What will the education headlines be in 2025?

A panel of experts gathered at Mary Lou Fulton Teachers College for a provocative discussion about the future of education in Arizona. Watch the complete panel discussion here.



State Representative Heather Carter, District 15

Rep. Carter is chairwoman of the House Health Committee and a member of the Elections Committee and the Committee on Energy, Environment and Natural Resources. Elected in 2010, she has won prestigious awards from education groups, veteran organizations, healthcare and patient advocacy groups, including “Legislator of the Year” honors. Carter is an alumna of ASU and currently a clinical associate professor at Mary Lou Fulton Teachers College. She was a 7th-grade teacher in the Paradise Valley District, where her daughter now attends school. She resides in Cave Creek with her husband of 20 years.


Beth Driscoll is director of educator preparation programs at the Arizona Department of Education. She oversees review and approval of educator preparation programs, educator exams, performance pay programs and national board certification. She comes from several years of experience in public education, most spent as a primary teacher. Driscoll worked in higher education as an adjunct instructor and course developer. Since becoming a National Board Certified Teacher in 2003, she has assisted Arizona teachers pursuing board certification.
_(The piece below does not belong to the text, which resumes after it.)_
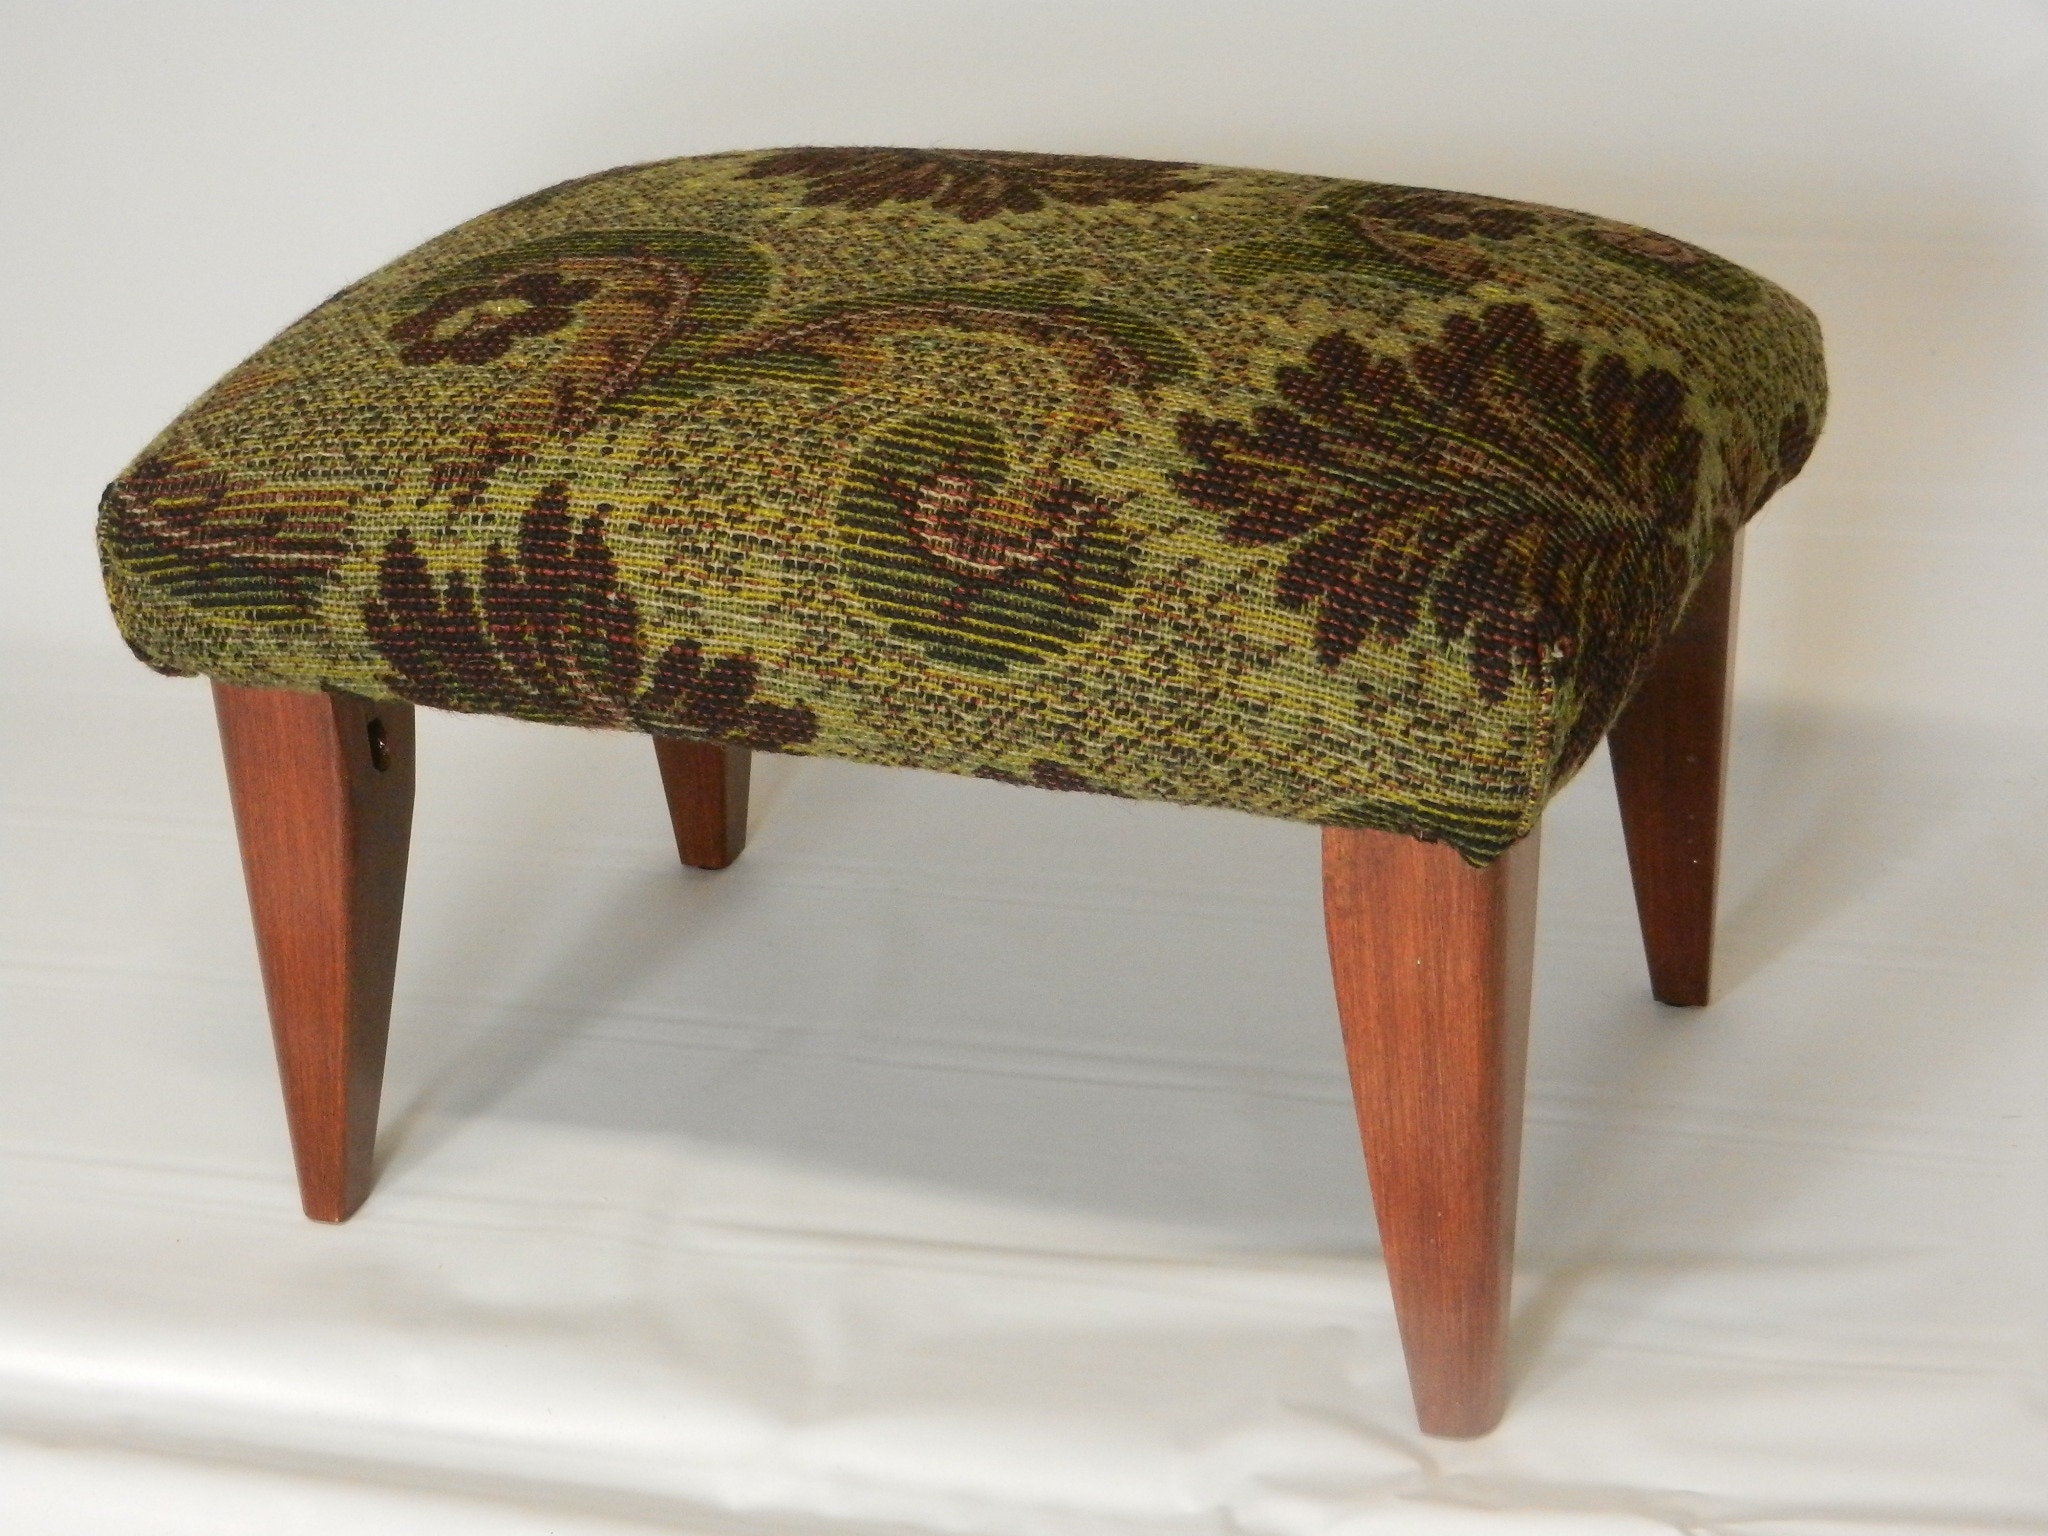 Foot Stools Cherry Finish Upholstered Foot Stool with Shapely Legs

David Garcia is an associate professor in Mary Lou Fulton Teachers College. He served as the associate superintendent of public instruction for Arizona, a research analyst for the state legislature and a peer consultant for the U.S. Department of Education. He consults with community organizations on education policy issues. In 2008, he was awarded the National Academy of Education Spencer Postdoctoral Fellowship. Garcia received a Bachelor of Arts and honors diploma from ASU and a master’s degree and PhD from the University of Chicago. In 2014, he was the democratic candidate for Arizona superintendent of public instruction.
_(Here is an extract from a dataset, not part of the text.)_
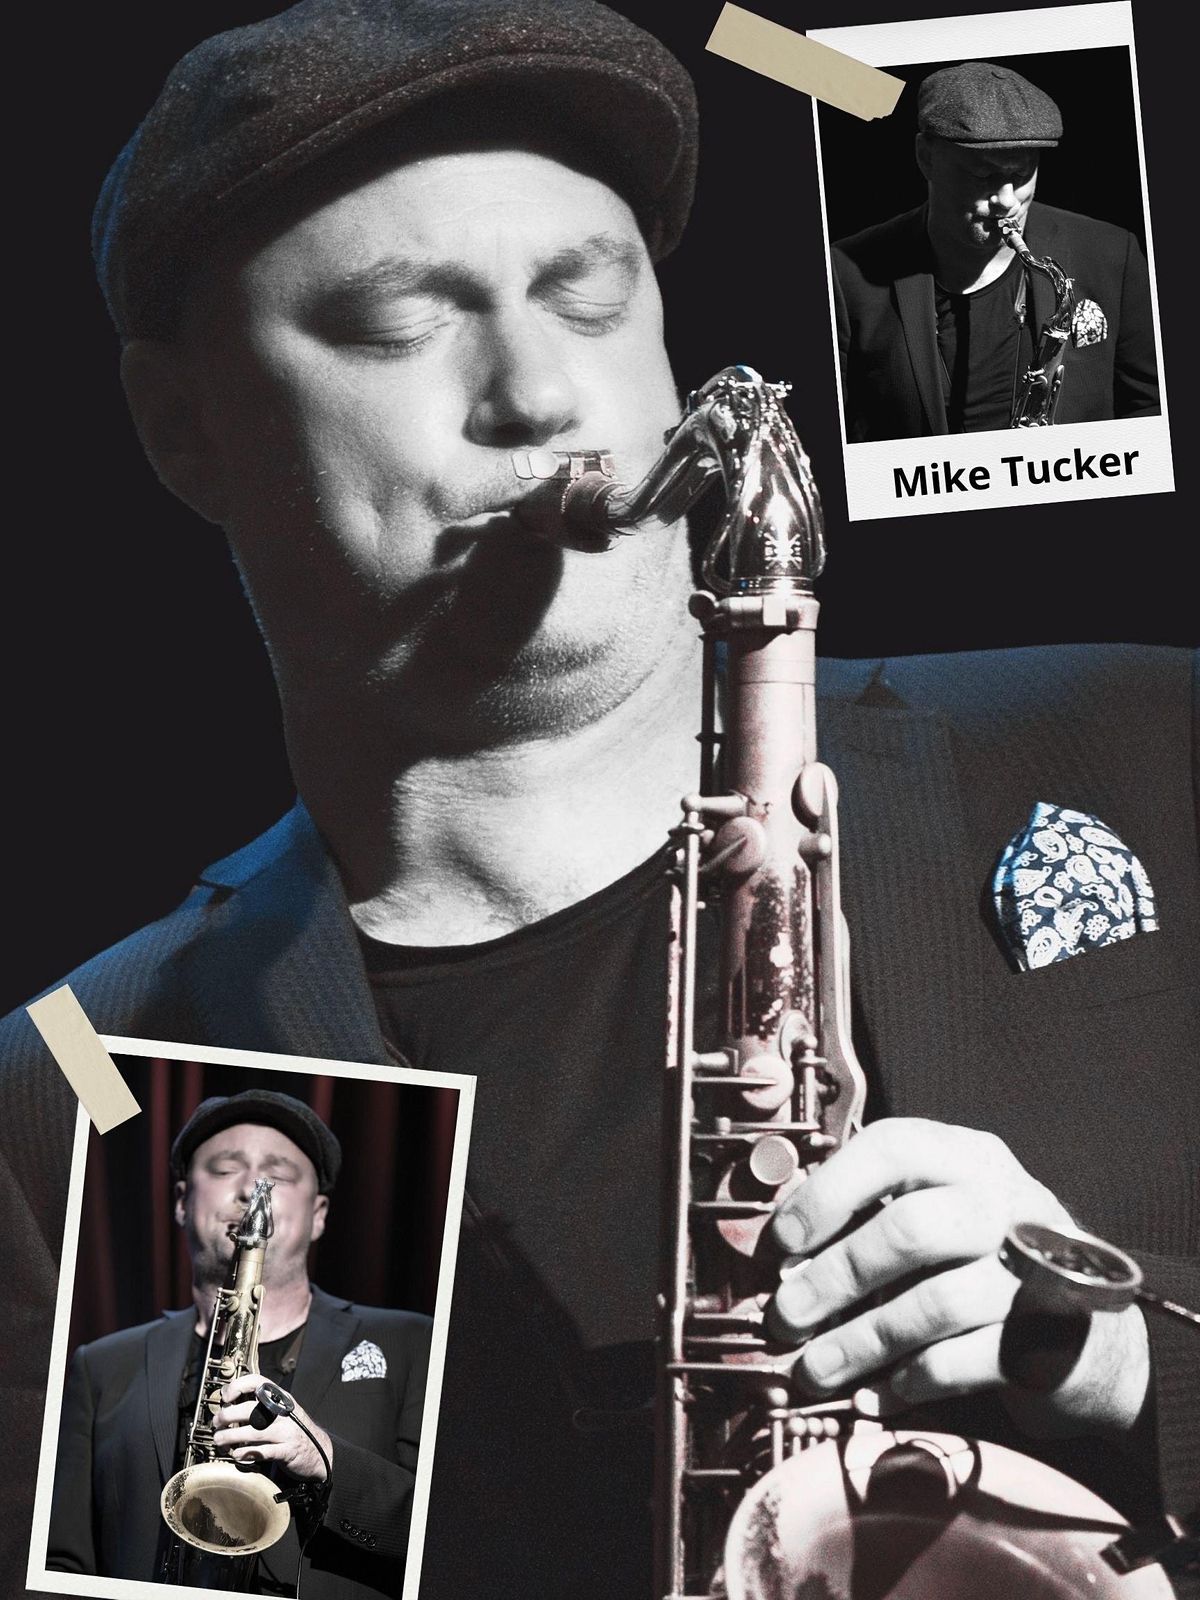 FOURTH SUNDAY SOIREE               -            FEATURED ARTIST MIKE TUCKER

Tim Ogle — For 38 years Ogle has served public schools in every capacity possible — award-winning teacher, principal, curriculum director and superintendent. He is currently executive director of the Arizona School Boards Association, a private nonprofit membership organization representing all Arizona school districts. He has served in that role since 2012. Ogle holds three advanced degrees and has published and presented nationally on educational issues. As the product of public schools and father of three public-school graduate sons, all with advanced degrees, he believes in the power and unique effectiveness of America's K–12 public school system.
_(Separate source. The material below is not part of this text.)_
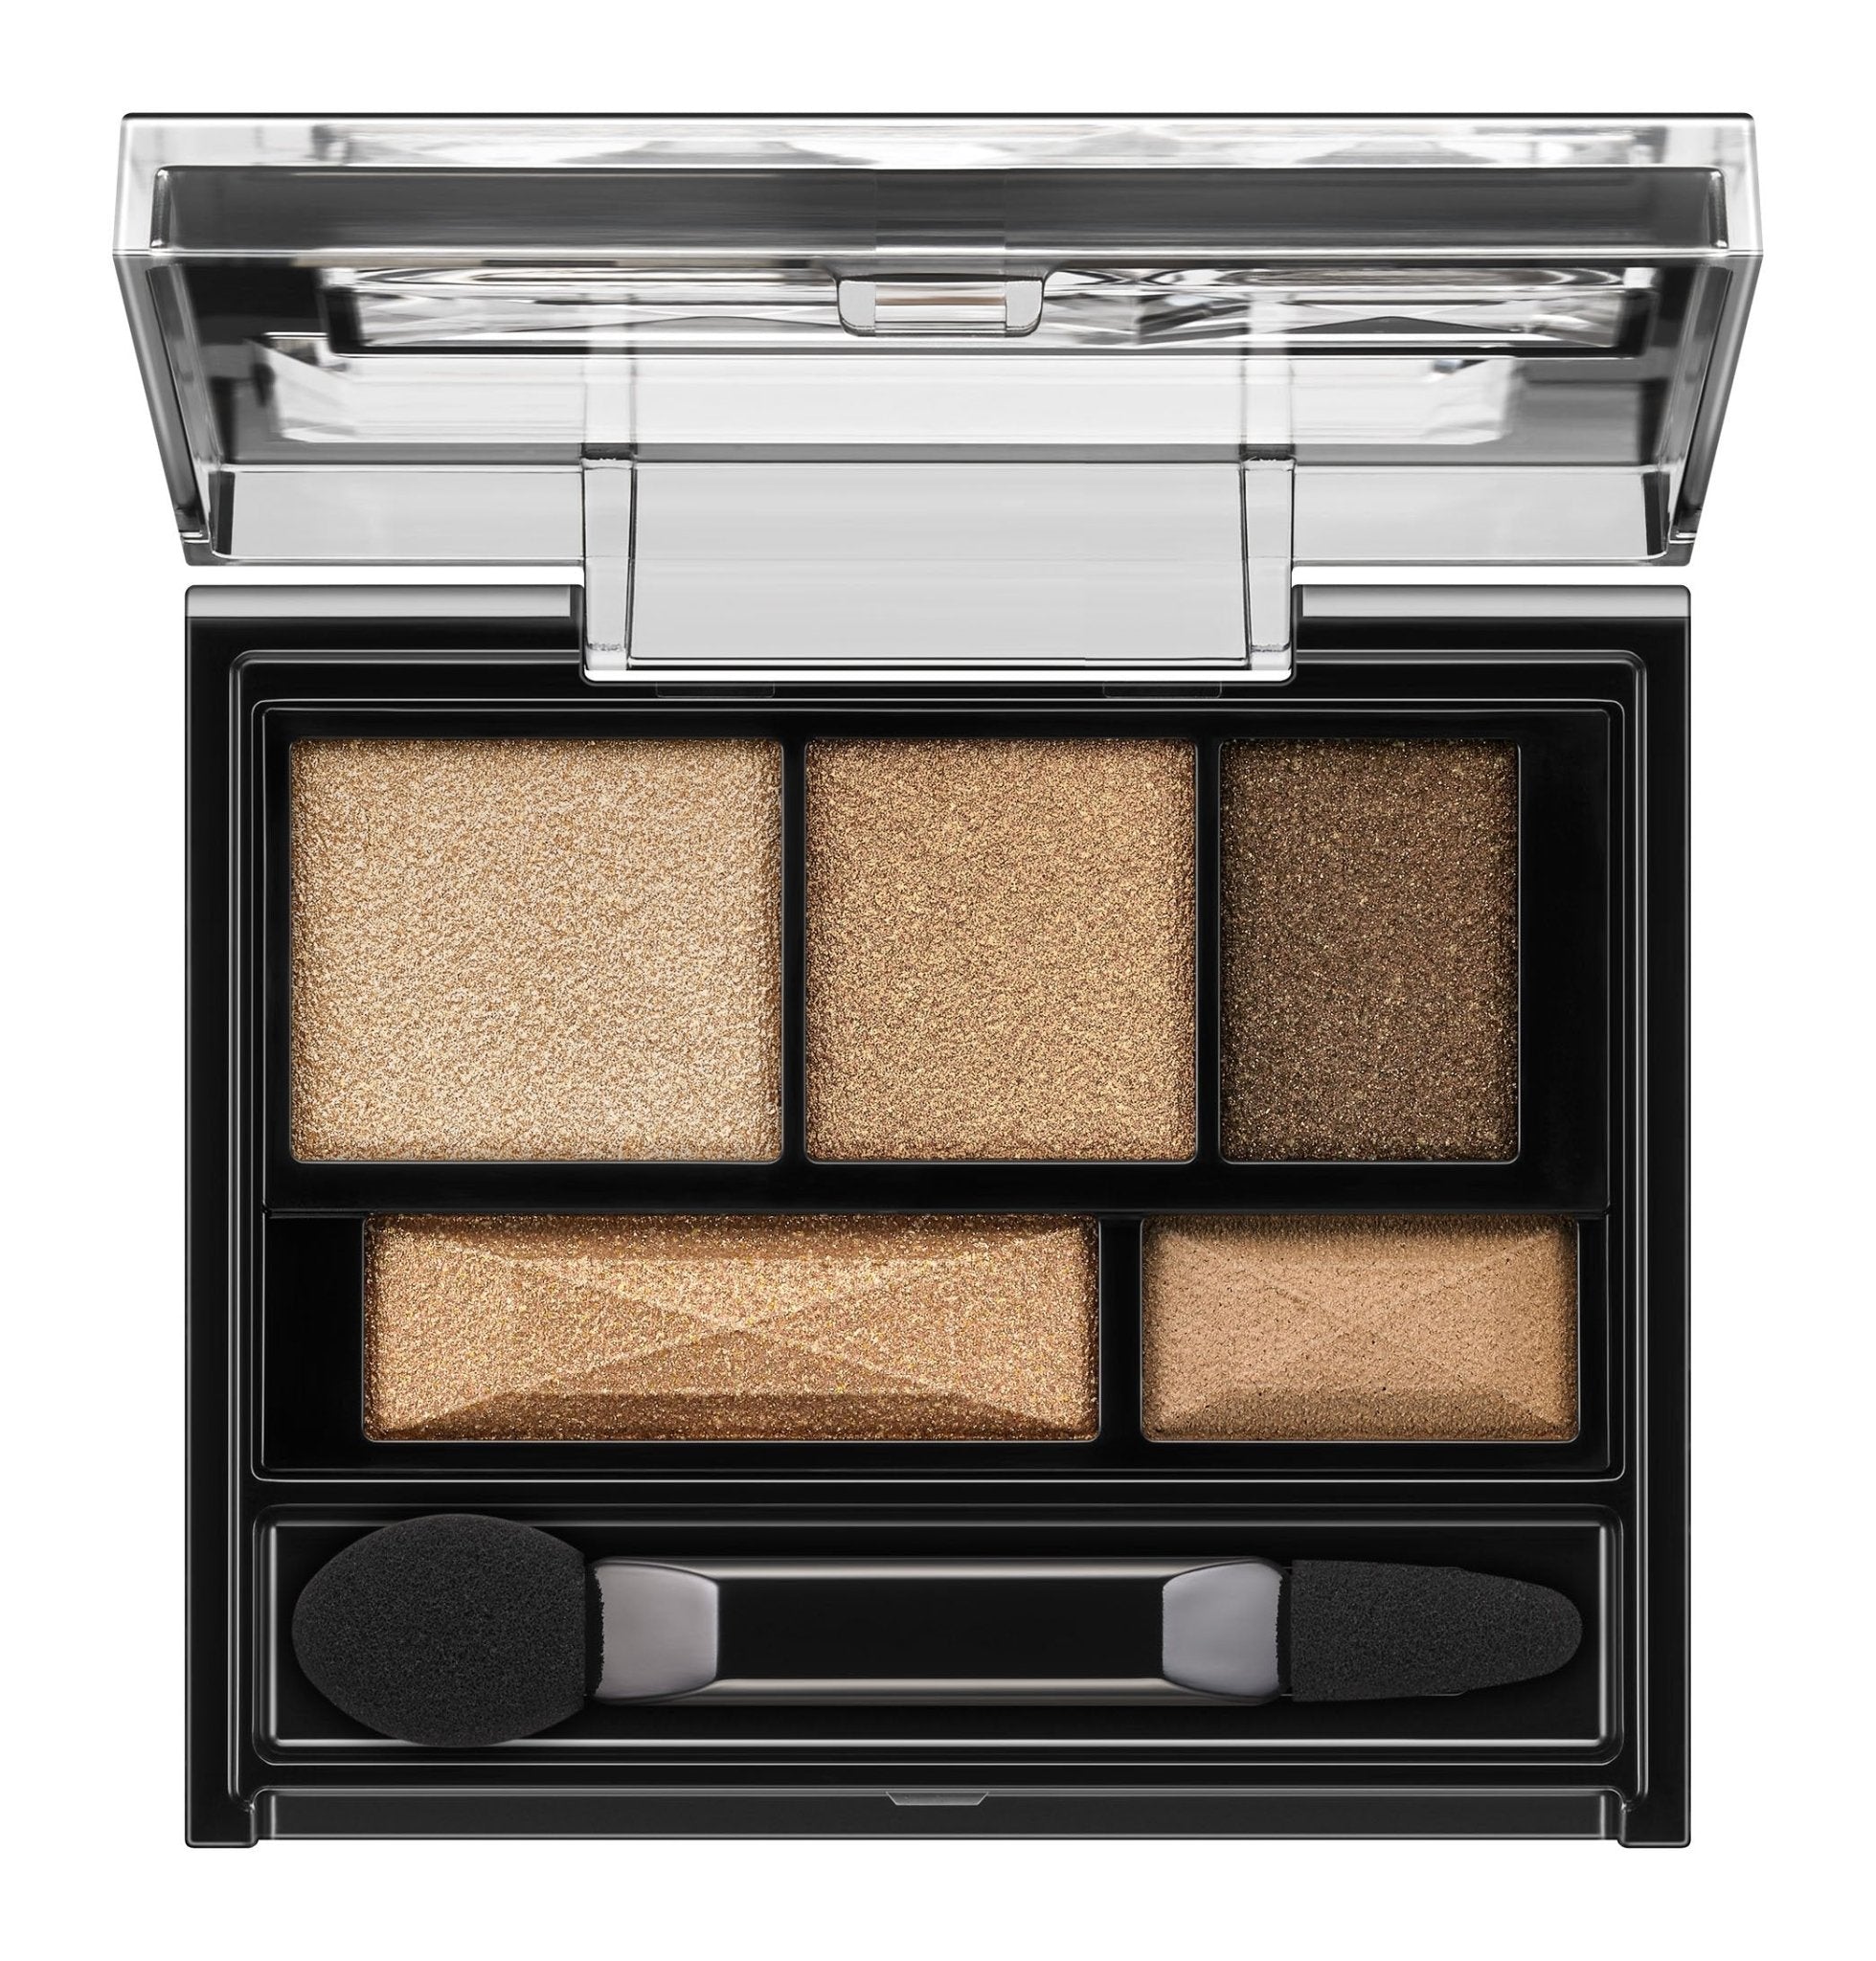 Kate Purley Brown Shade BR - 1 Eyeshadow for Stunning Eyes

Andrew F. Morrill is the 88th president of the Arizona Education Association. As president of the largest professional association in Arizona, he is committed to advancing the mission of AEA: Keeping the promise of quality public education for every Arizona student. As a classroom teacher, he was named a Tucson Realty and Trust Top 10 Teacher and a 2001 Arizona Educational Foundation Ambassador of Excellence. Nine times he was named a Marana Unified School District Top 10 Inspirational Teacher. An Arizona native, Morrill received his bachelor’s degree in English literature and a master’s degree in educational psychology from the University of Arizona. He began teaching in 1987. Calling himself the second-best teacher in his household, Morrill is married to another English teacher. They have five children.